(Data shown)
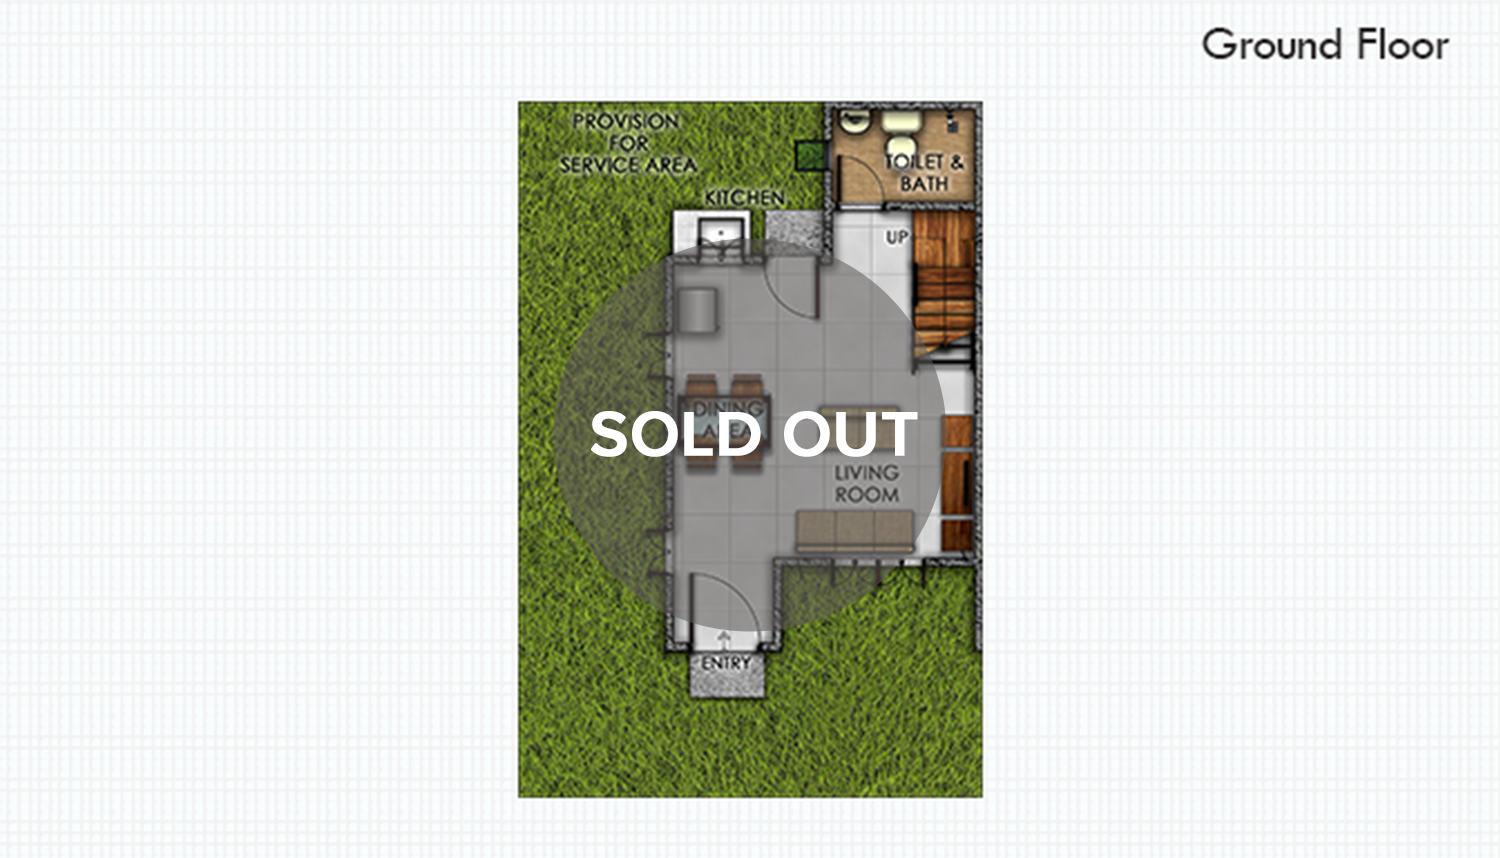 /assets/properties-house-model-gallery-and-landmarks-icons/lumina-home-models/home-model-gallery/armina-single-firewall/armina-single-firewall-ground-floor-plan-sold-out.png
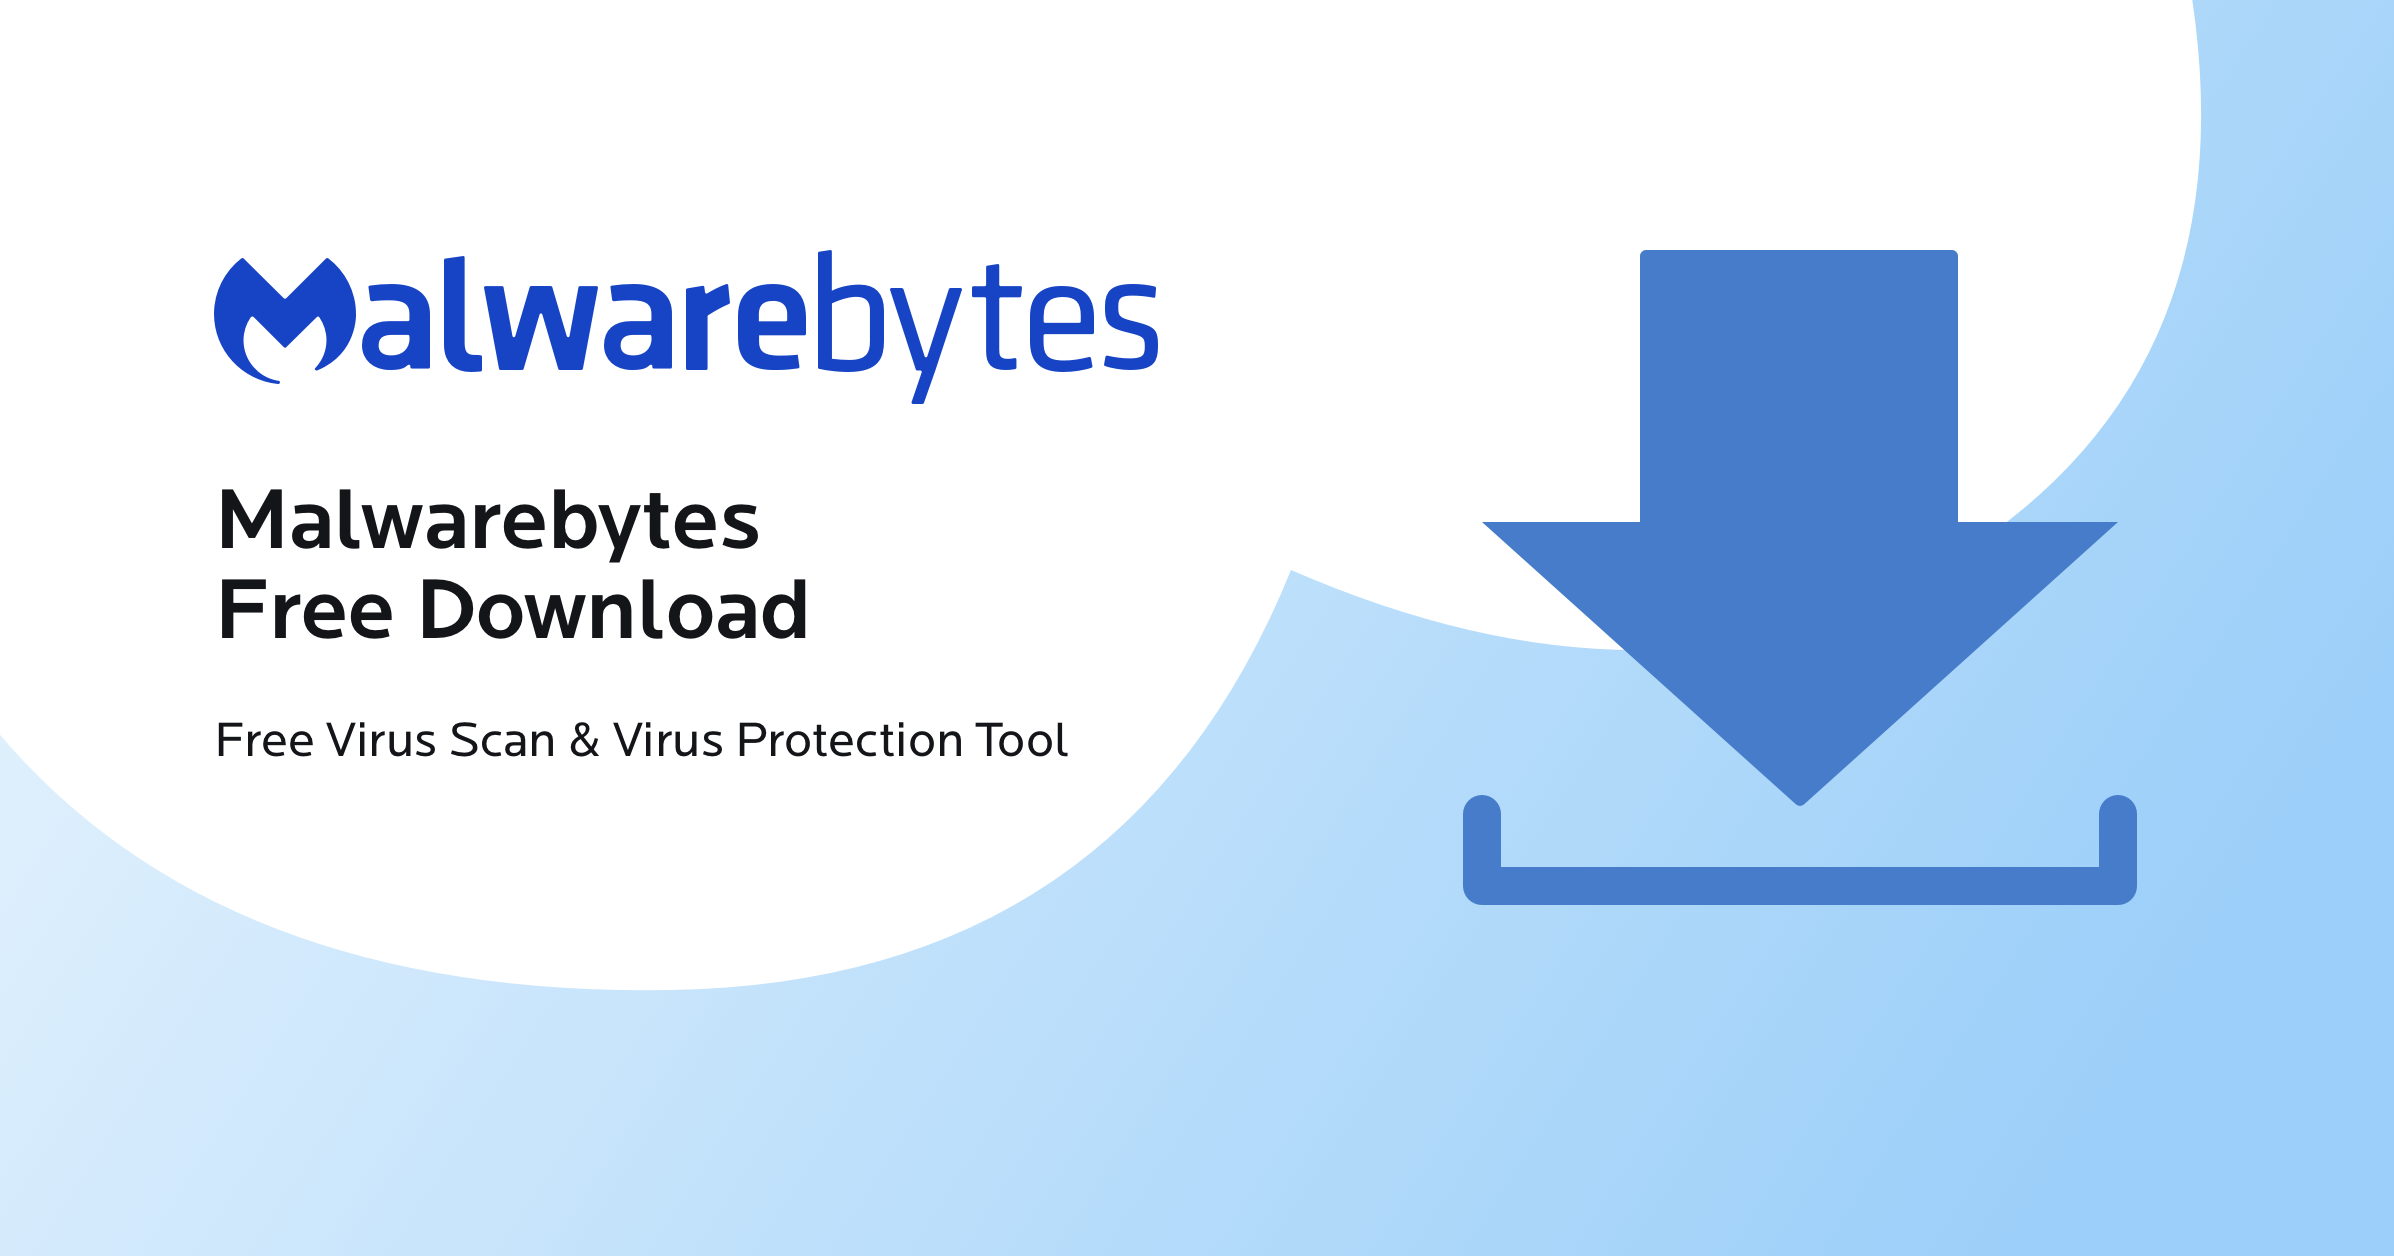 Download and install a reputable anti-malware program if you don't already have one.
Update the anti-malware software to ensure it has the latest definitions.
(End Data shown)
* **What the task requires**: Each line from the one with "Download and install" to the end of the material needs to be output word for word, with no picture included.

* **Task result**:
 Download and install a reputable anti-malware program if you don't already have one.
Update the anti-malware software to ensure it has the latest definitions.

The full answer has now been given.